**Source data**.

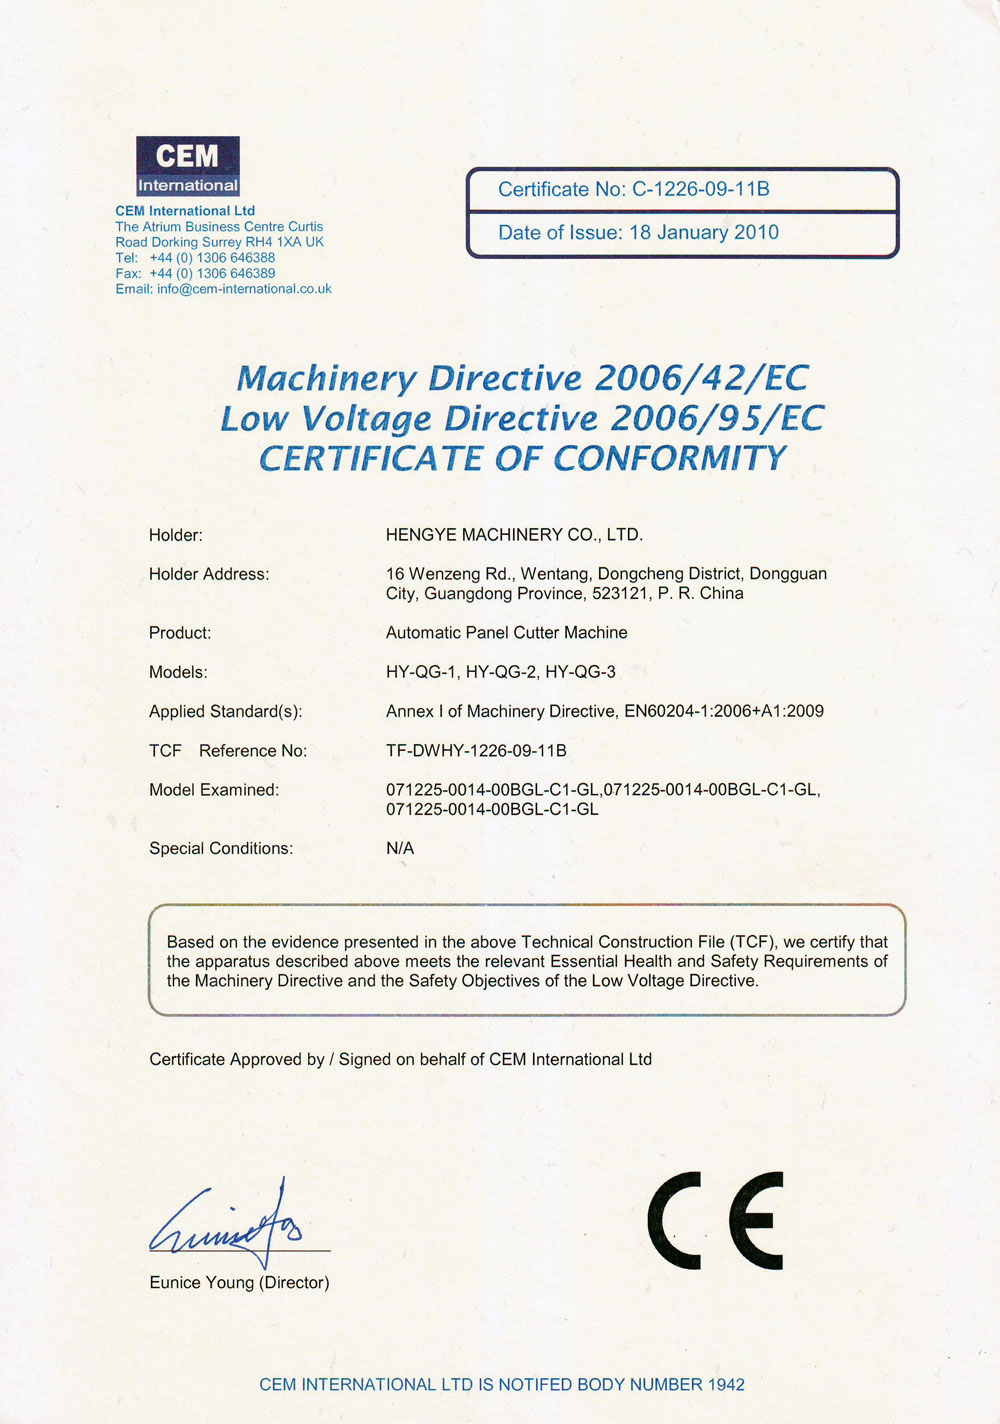 CE:Certification
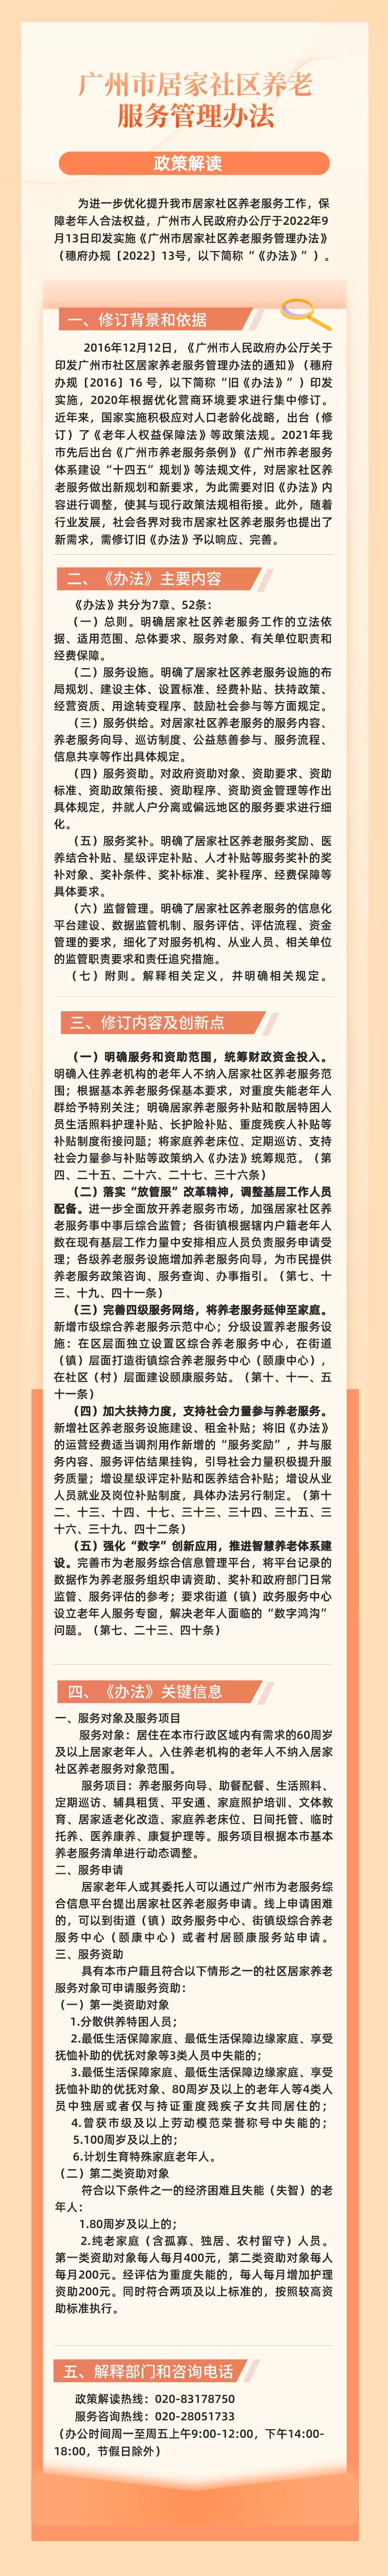 【一图读懂】《广州市居家社区养老服务管理办法》.jpeg
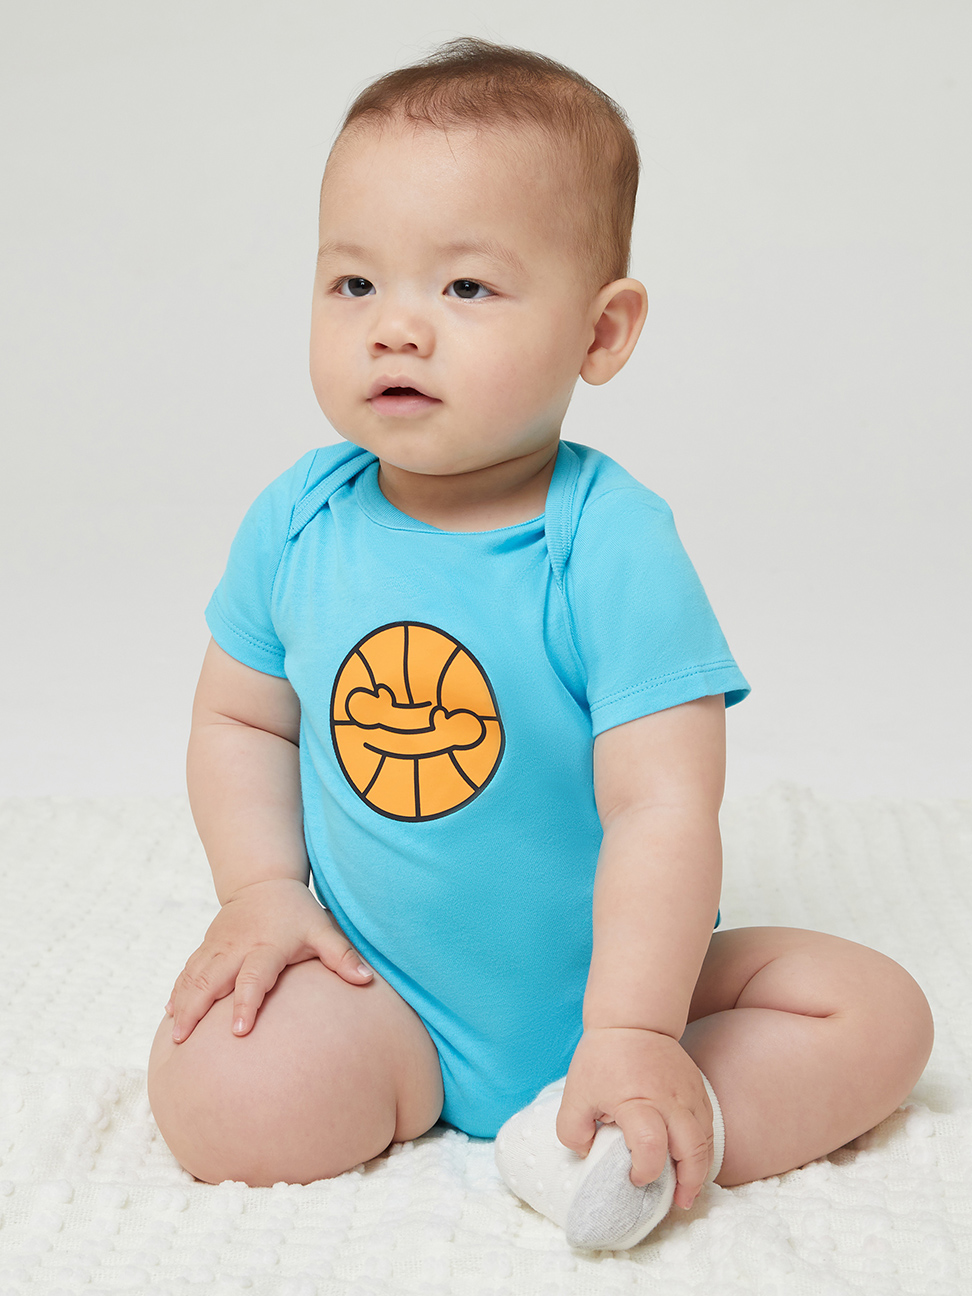 嬰兒裝|Gap x Ken Lo藝術家聯名 純棉印花包屁衣-天藍色
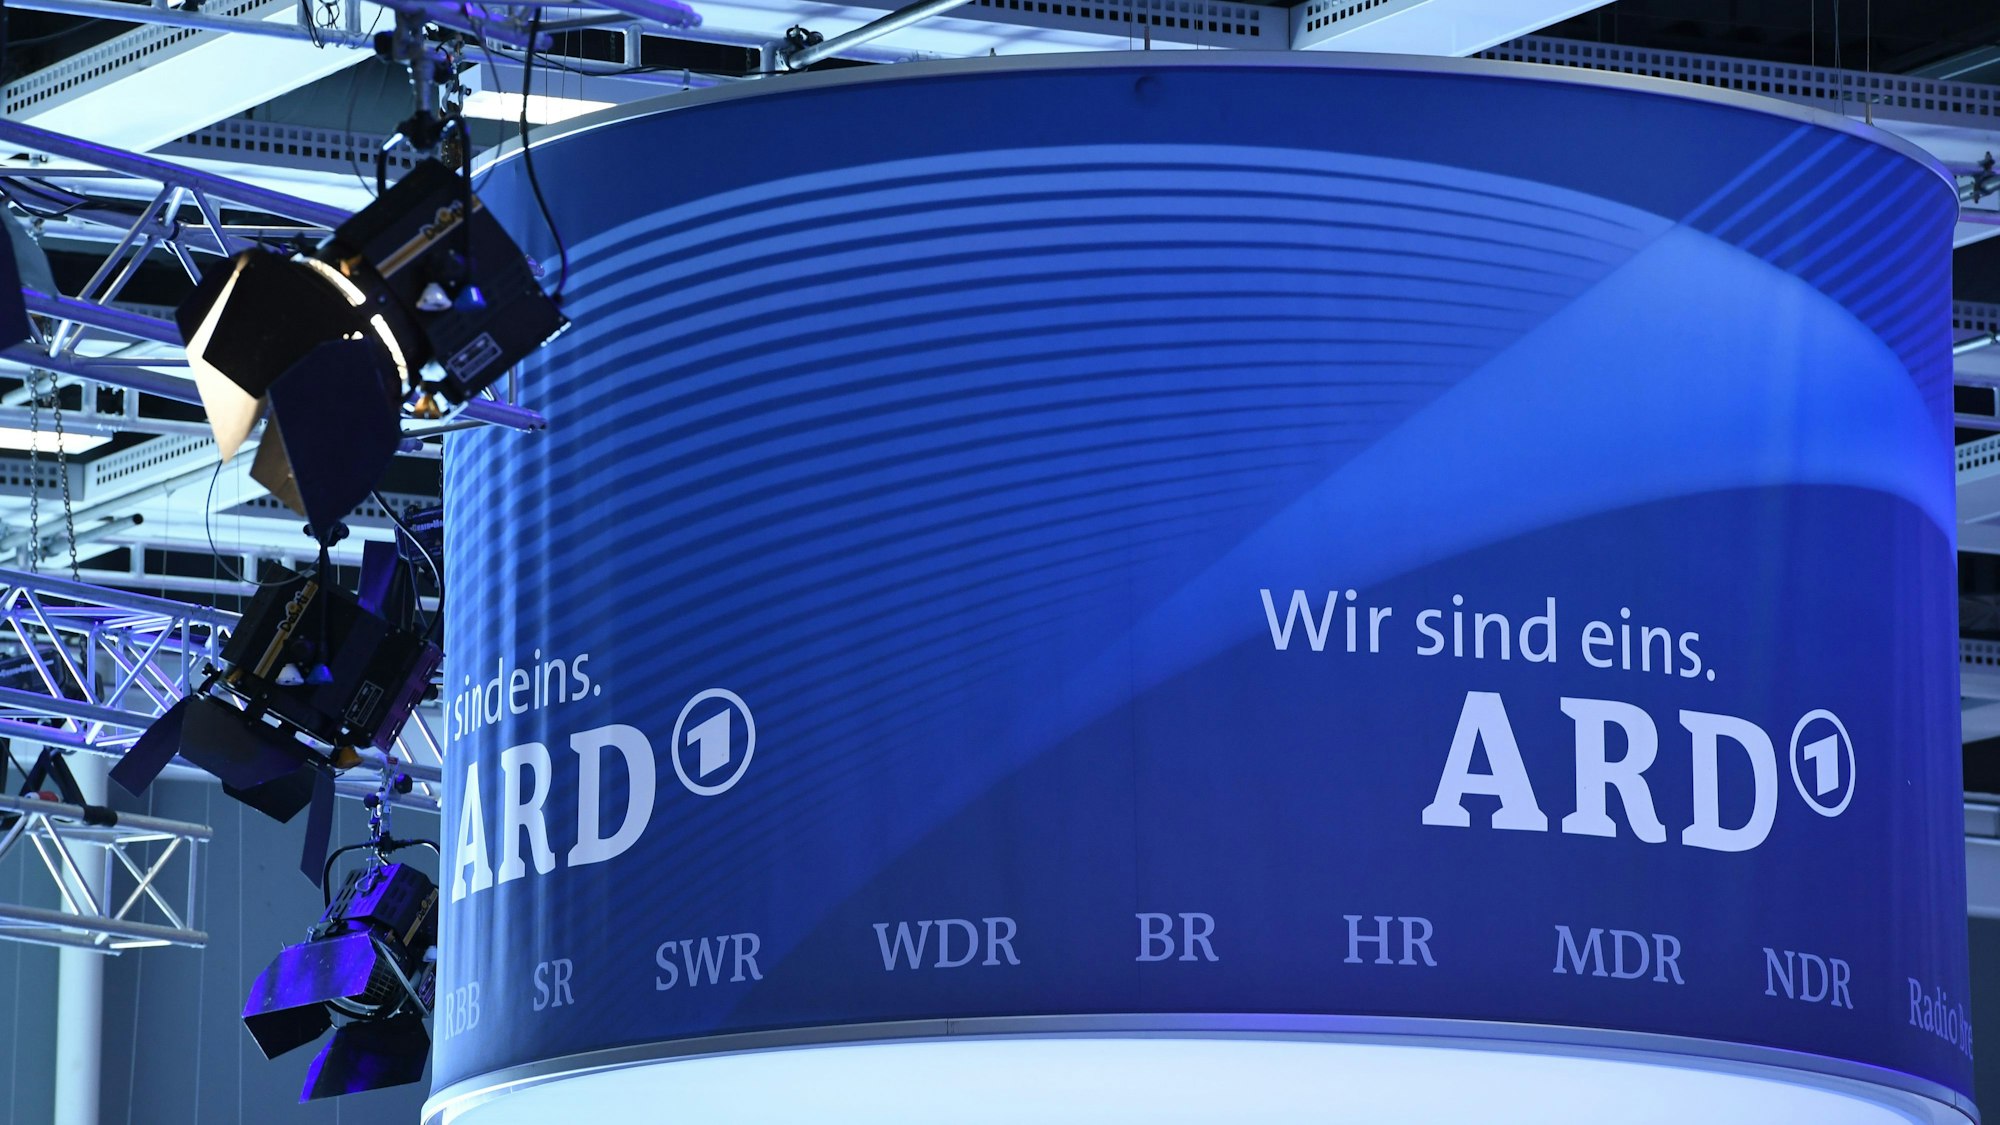 "Wir sind eins. ARD", aufgenommen am 01.09.2016 in Berlin auf der Internationalen Funk-Ausstellung IFA.

**Assignment**.
Exactly as written, set down the lines from the line holding "嬰兒裝|Gap x Ken Lo藝術家聯名 純棉印花包屁衣-天藍色" to the last line of the data, both ends included, pictures excluded.

**Solution to the exercise**.
 嬰兒裝|Gap x Ken Lo藝術家聯名 純棉印花包屁衣-天藍色
 "Wir sind eins. ARD", aufgenommen am 01.09.2016 in Berlin auf der Internationalen Funk-Ausstellung IFA.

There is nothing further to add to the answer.